The theme of The Exchange Student is quite unusual and differs from those of most other adventure games that are unnecessarily pretentious or grandiose. It deals more with down-to-earth issues such as social interaction with different cultures, the exploration of family bonds, and the search for independence away from our roots so to establish our own individuality but without forgetting our roots. Although the game deals with such serious personal subject matters even to the end, it touches them with a sense of hilarity and fun spiritedness such that we can easily relate the game to aspects of our own culture. Indeed, when Emily's overbearing mother Laura complains that his 22 year old does not know anything about life, we instantly recognize the clichéd parent-child relationship that exists in many cultures over the coming of age of young adults early in their lives so to escape from their overprotective parents who are instead trying to persuade their children to stay at home to explore better paths for their lives. Alas, this game is not about the sociology of differing customs and family relations or how they are treated differently in different cultures.
In The Exchange Student, you play as Emilio, a young Italian, Casanova wannabe who, after many frustrating and deceptive encounters (loosely speaking, of course) with Italian women, has decided to embark himself on a trip to Sweden in order to put in use his own Italian charm on Swedish women. However, he quickly realizes that his plans of conquest for love and passion are not developing so well. He arrives in his dorm in Sweden and soon meets his eccentric European roommates who are also studying aboard for different reasons. There is the French ditz Michelle, who is studying management but does not understand half of what Emilio says to her. There is also the duo of Spaniards Pedro and Miguel, who have persuaded Emilio to join into a bet with another dorm fellow to see who can kiss more women during their time aboard in which the winner will receive a big prize in the end.
The gameplay is fairly easy to understand and master, largely because the scenarios are well planned such that you are always aware of the tasks which you need to complete and objects which you need to acquire in order to move forward into the game. The game uses a traditional point and click interface. It has a separate inventory menu that can be easily accessed by moving the mouse cursor to the top part of the screen. In theory, the game is made more to be enjoyed leisurely rather than to be taxing. There is even a hints and tips box next to the inventory menu where you can click to get advice on what to do next. This game is therefore ideal for novice gamers who are new to the adventure genre. It is a great game to start to learn about the genre because of its simple controls and extensive hint system that will prevent any newbie from getting stuck.

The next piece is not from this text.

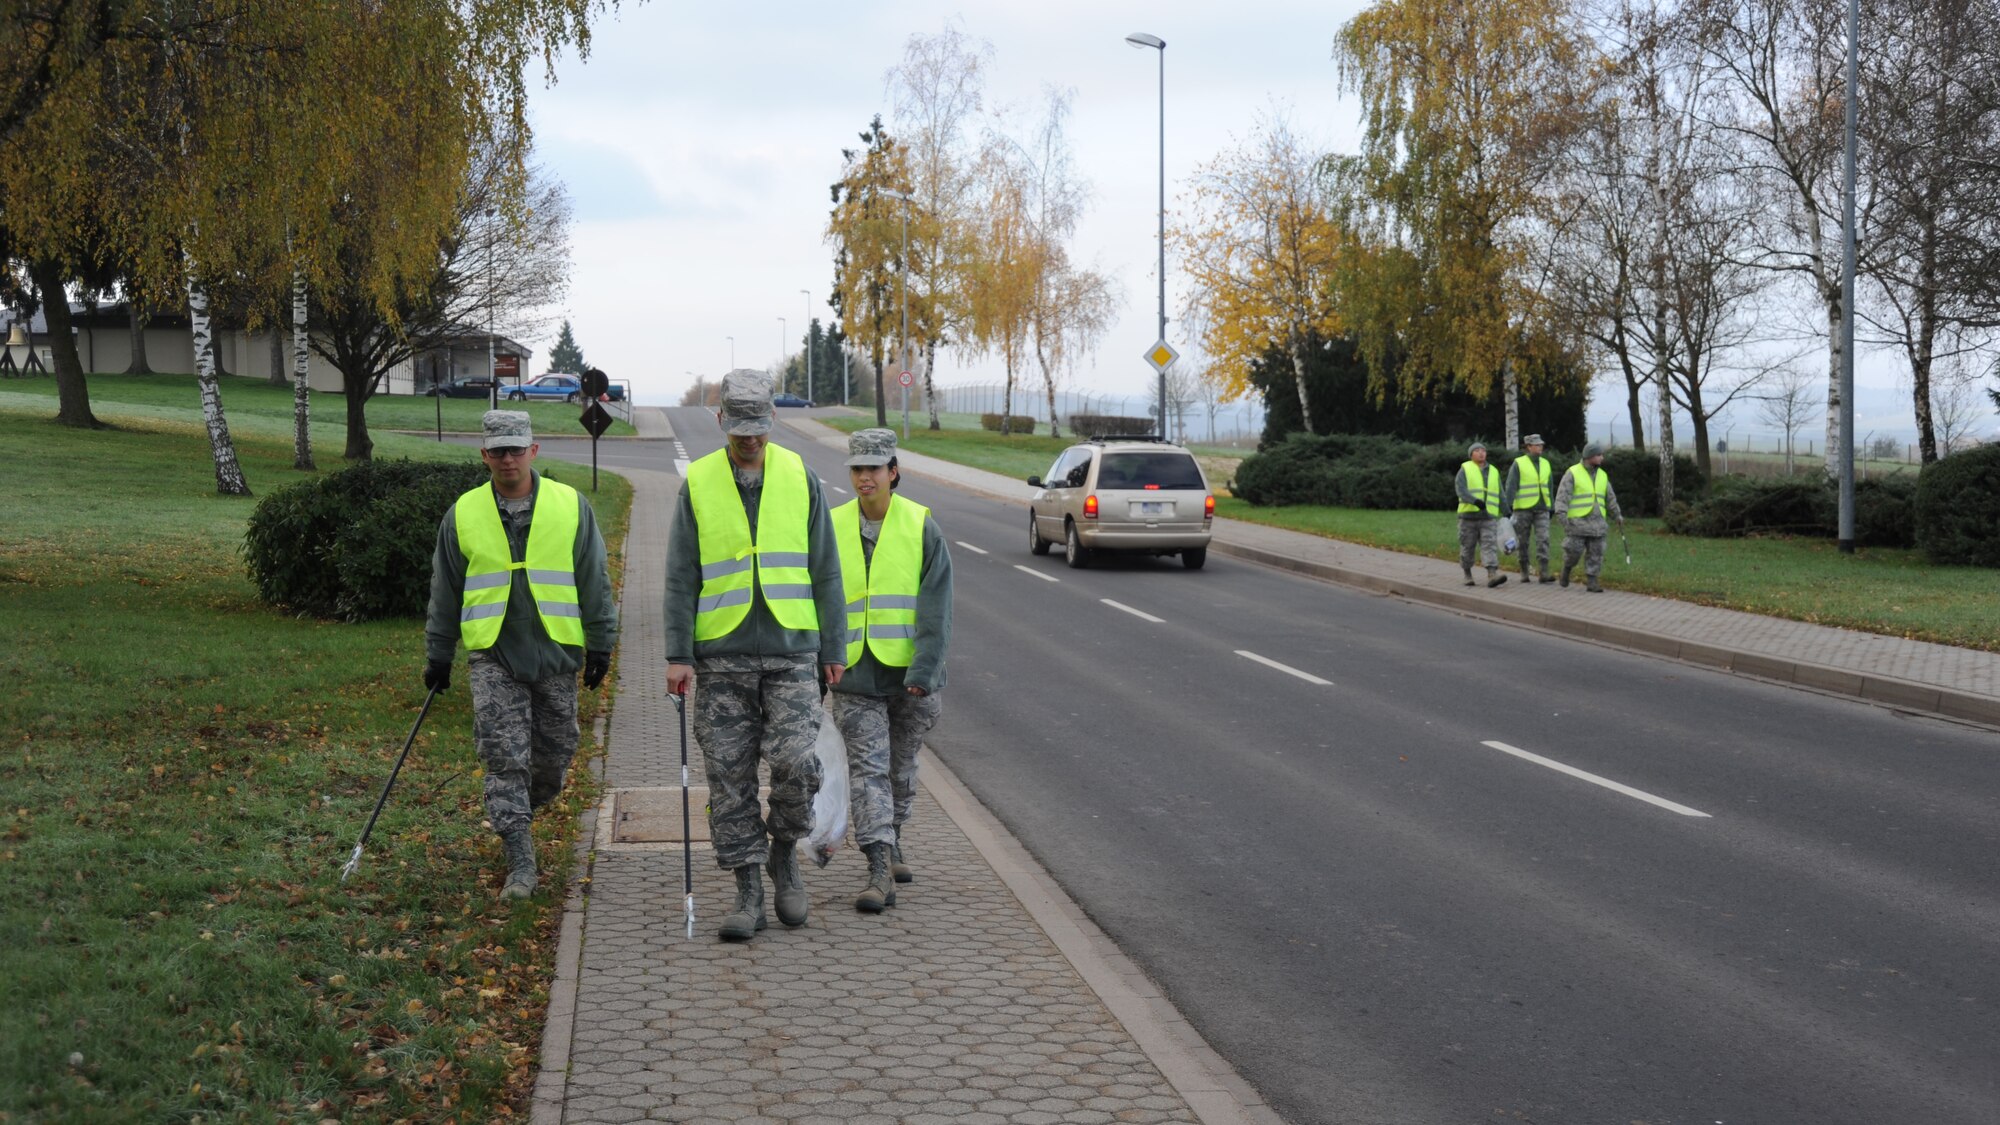 SPANGDAHLEM AIR BASE, Germany -- Eifel Pride Airmen walk their morning route along Arnold Boulevard Nov. 25, 2013. Airmen in Eifel Pride learn to take pride in their base during the two weeks in the program. (U.S. Air Force photo by Airman 1st Class Dylan Nuckolls/Released)

The level of difficulty for this game (or more precisely, the first episode of this game) is very low. It is not a game that will give you a hard time trying to pass it. Instead, it is a game that will give you enjoyment playing it because of the funny dialogs and the hilarious situations that Emilio gets himself into in the game. Perhaps deliberate (or not) in design, the objects you need to interact all tend to be drawn with a different texture than the background. Also, Emilio himself often reveals too much about what he needs to do next without any prompting, especially at the beginning of the game.
I praise this game for its originality because it features characters with a more human touch but still with a twisted sense of humor that many gamers will enjoy. I also applaud the developer for its effort to bring back a classic genre that is practically extinct. The game even adds a few teasers so to make you crave for more of Emilio's misadventures in future episodes. The only minor annoyances, aside from the very short length (even for an episodic game), are that the cut scenes cannot be skipped and that some of the interactions between objects and Emilio are awkwardly handled.
I have to say that many of the experience veteran gamers have come to enjoy from playing classic point and click adventure games from the 1980s and 1990s will be found from playing this game. I also have to say that novice gamers who are new to the genre will have a good time playing it as well. Overall, Episode 1: First Day in Sweden is a fun beginning for this unique series, with bits of nostalgia from a golden era of adventure gaming that everyone will enjoy.